**Your assignment:** Without the pictures, extract every line from the start of the material to the line containing "50 poemas a", both ends included.

**Data shown:**

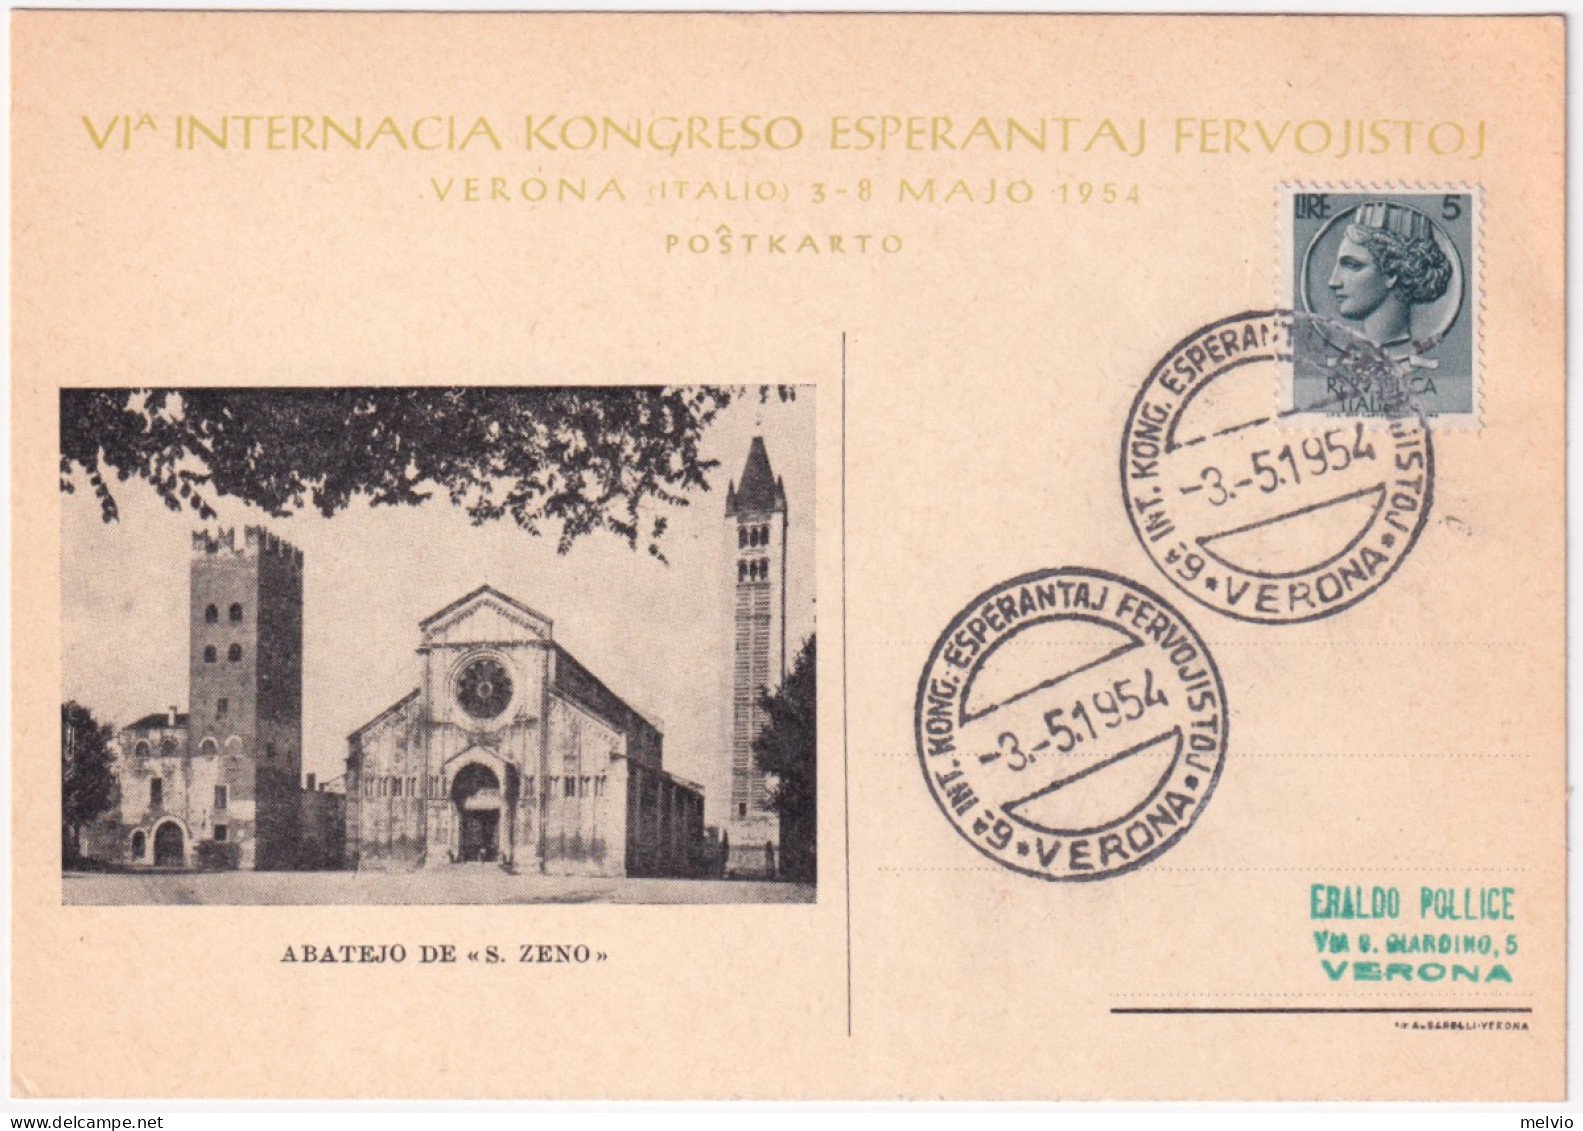 1954-VERONA 6 INT. KONG. ESPERANTAJ FERVOJISTOJ (3.5) Annullo Speciale Su Cartol - Esperanto
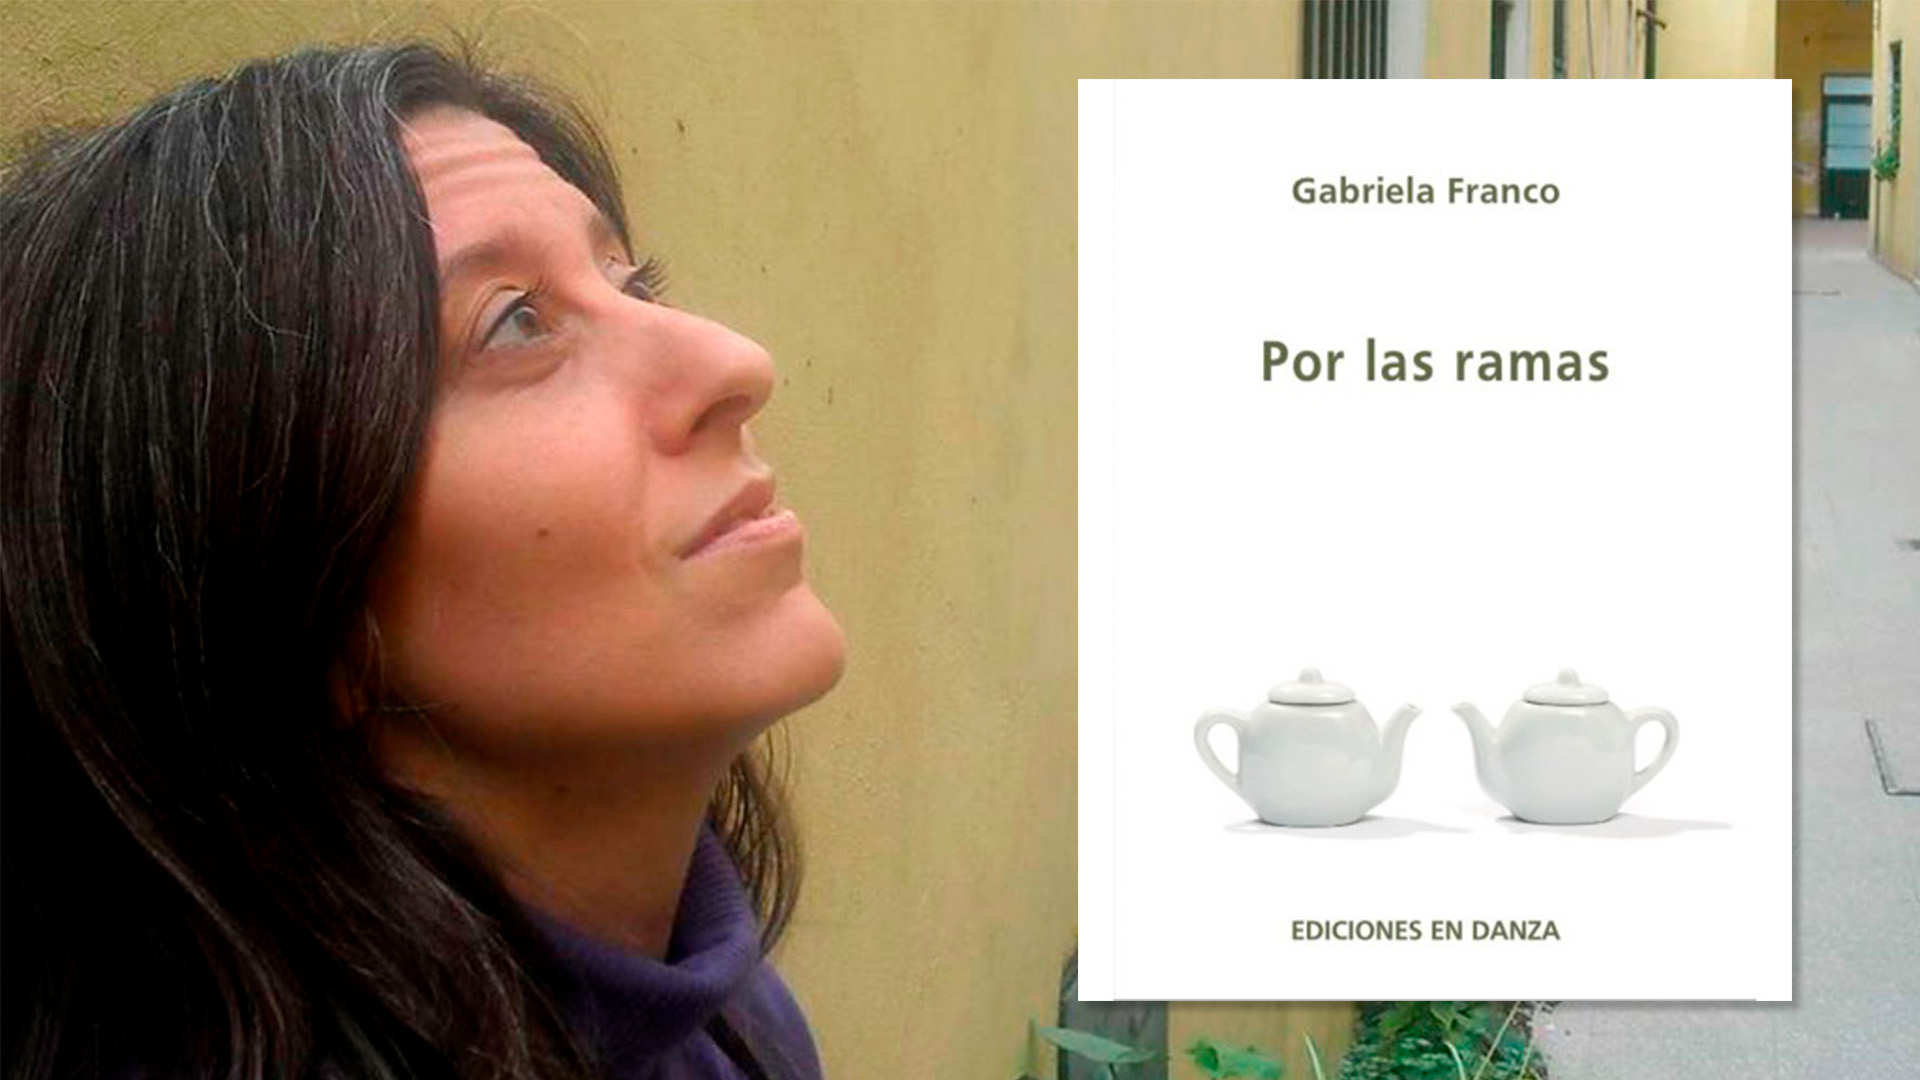 50 poemas a los 50 años: cómo cifrar (y descifrar) el misterio de la vida según la premiada poeta Gabriela Franco
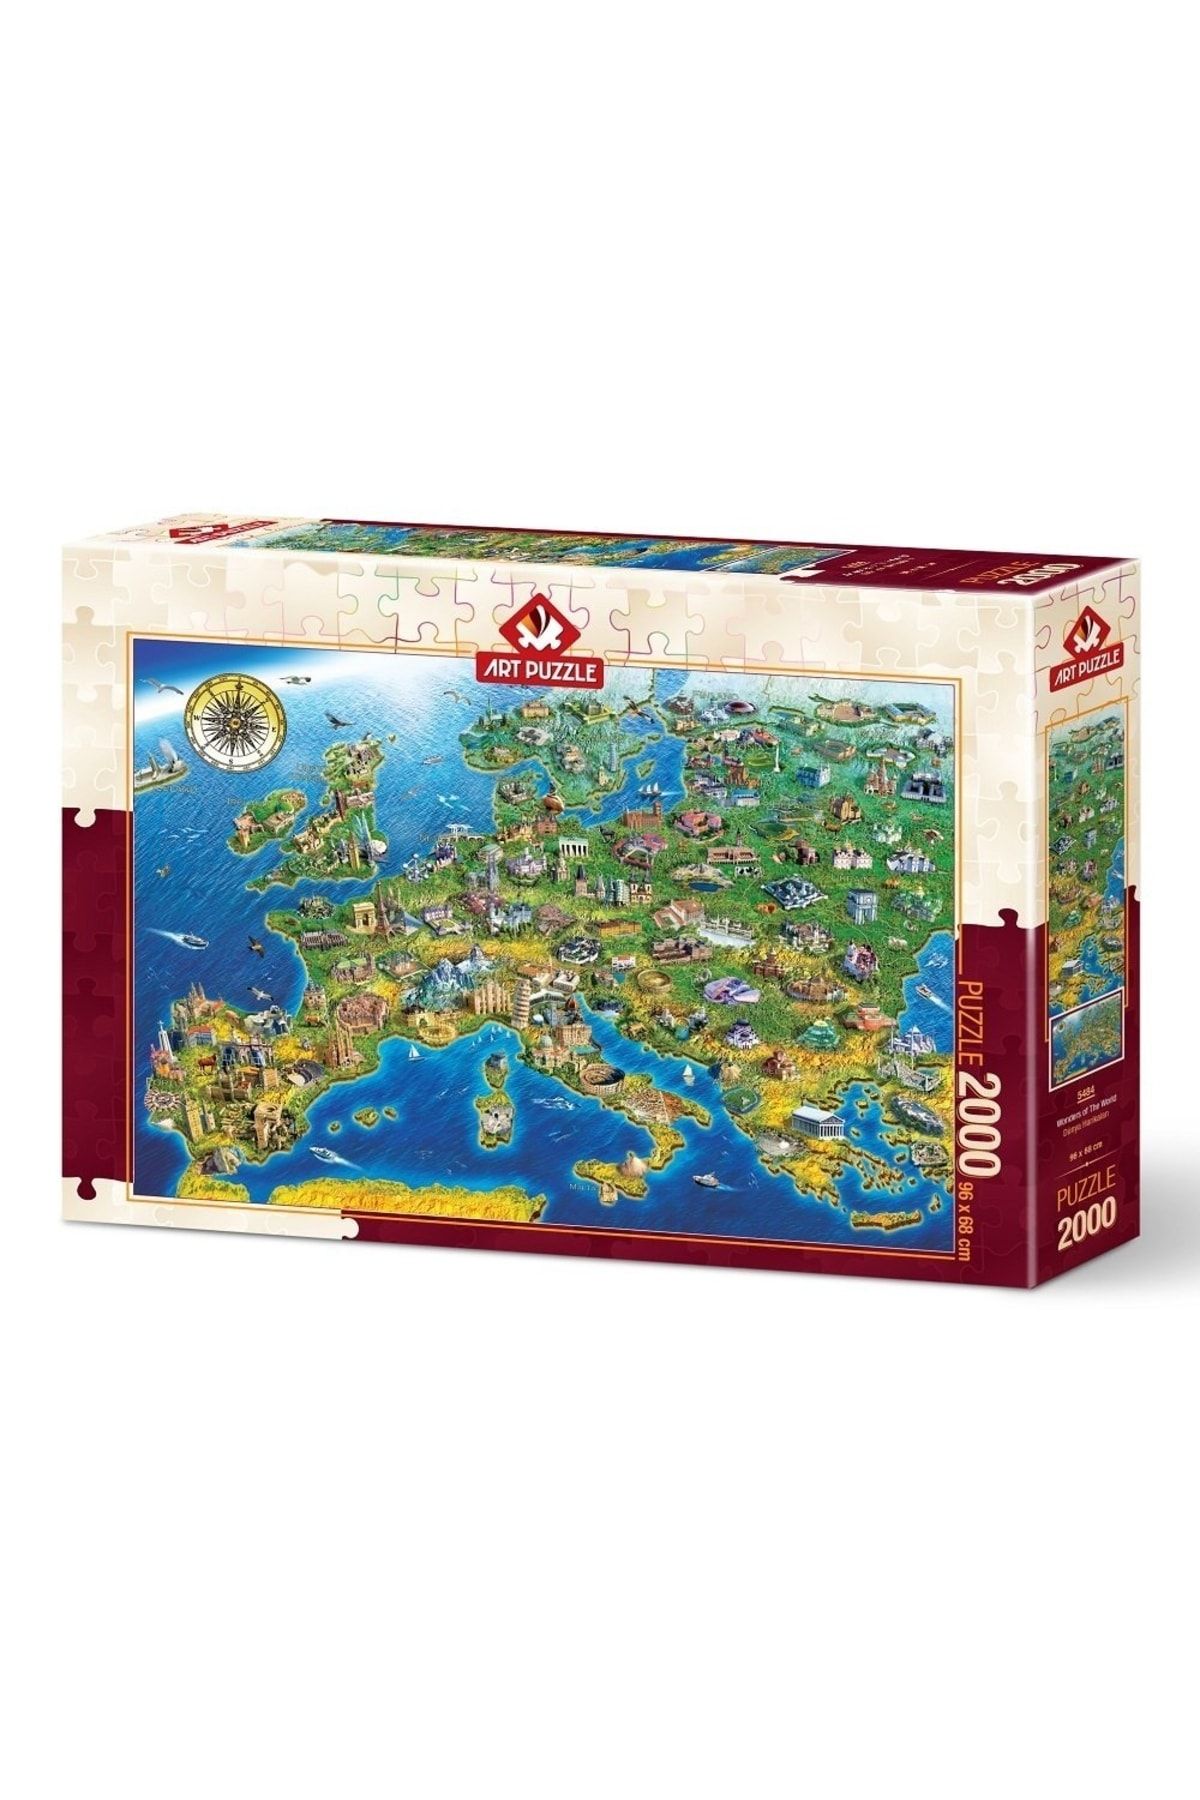 Doğan Oyuncak Dünyası Art Puzzle Dünya Harikaları 2000 Parça Puzzle 5484 - Puzzle Seti - Yapboz - Yap-boz Puzzle

**Answer section:**
 1954-VERONA 6 INT. KONG. ESPERANTAJ FERVOJISTOJ (3.5) Annullo Speciale Su Cartol - Esperanto
 50 poemas a los 50 años: cómo cifrar (y descifrar) el misterio de la vida según la premiada poeta Gabriela Franco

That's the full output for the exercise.